Exact solution for the vibrations of cylindrical nanoshells considering surface energy effect

Document Type: Research Paper


1 Department of Mechanical Engineering, University of Guilan

2 Department of mechanical engineering, University of Guilan


It has been revealed that the surface stress effect plays an important role in the mechanical behavior of
structures (such as bending, buckling and vibration) when their dimensions are on the order of
nanometer. In addition, recent advances in nanotechnology have proposed several applications for
nanoscale shells in different fields. Hence, in the present article, within the framework of surface
elasticity theory, the free vibration behavior of simply-supported cylindrical nanoshells with the
consideration of the aforementioned effect is studied using an exact solution method. To this end, first,
the governing equations of motion and boundary conditions are obtained by an energy-based
approach. The surface stress influence is incorporated into the formulation according to the Gurtin-
Murdoch theory.

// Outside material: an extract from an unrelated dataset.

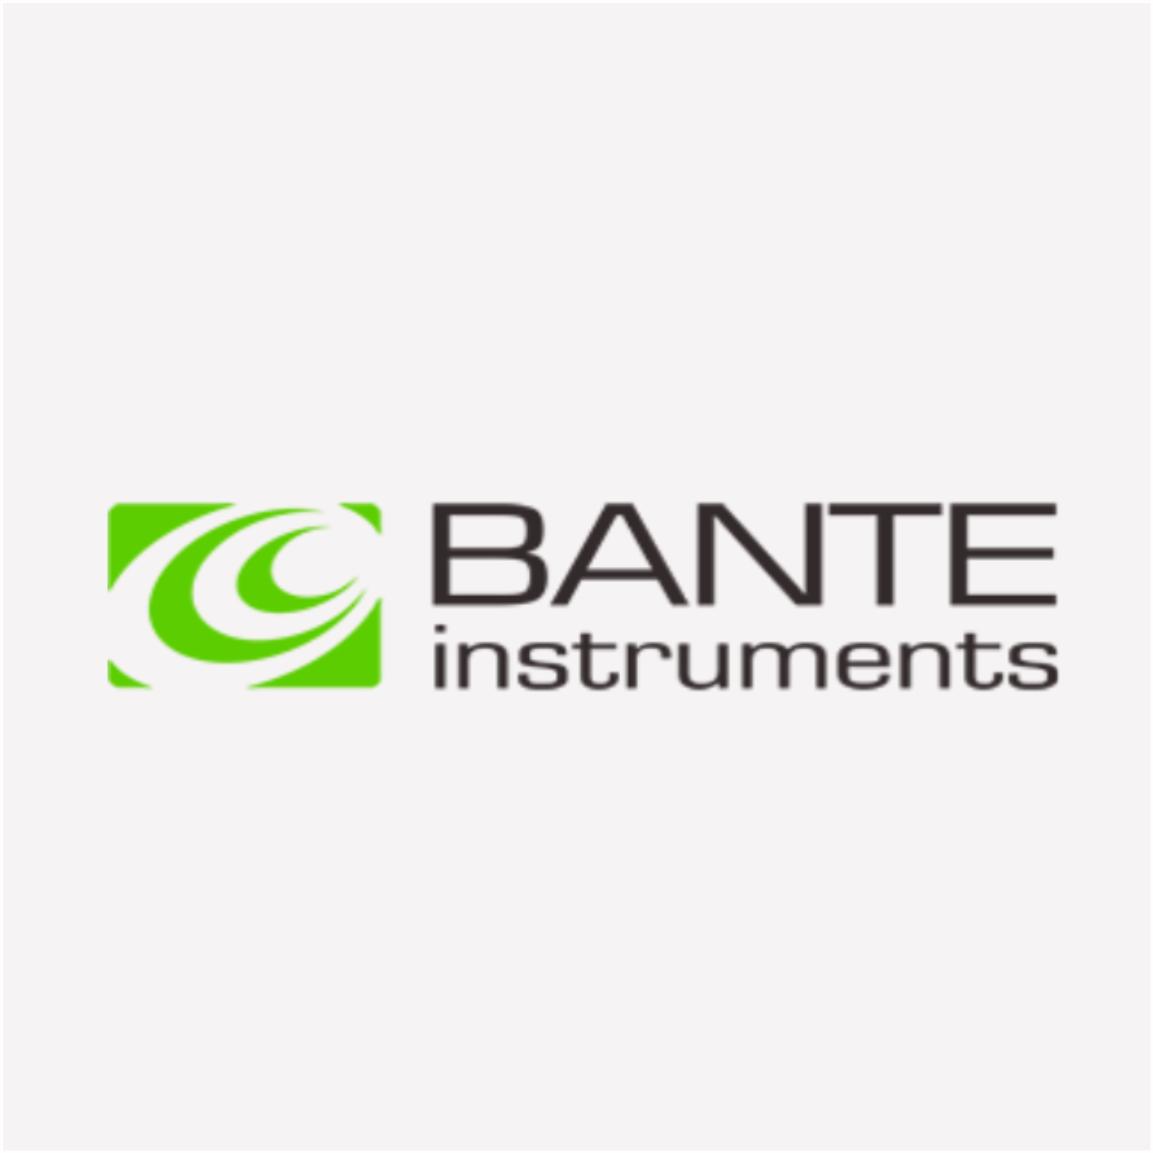 bante_logo

The nanoshell is modeled according to the first-order shear deformation shell theory.
After that, the free vibration problem is solved through an exact solution approach. To this end, the
dimensionless form of governing equations is derived and then solved under the simply-supported
boundary conditions using a Navier-type solution method. Selected numerical results are presented
about the effects of surface stress and surface material properties on the natural frequencies of
nanoshells with different radii and lengths. The results show that the surface energies significantly
affect the vibrational behavior of nanoshells with small magnitudes of thickness. Also, it is indicated
that the natural frequency of the nanoshell is dependent of the surface material properties.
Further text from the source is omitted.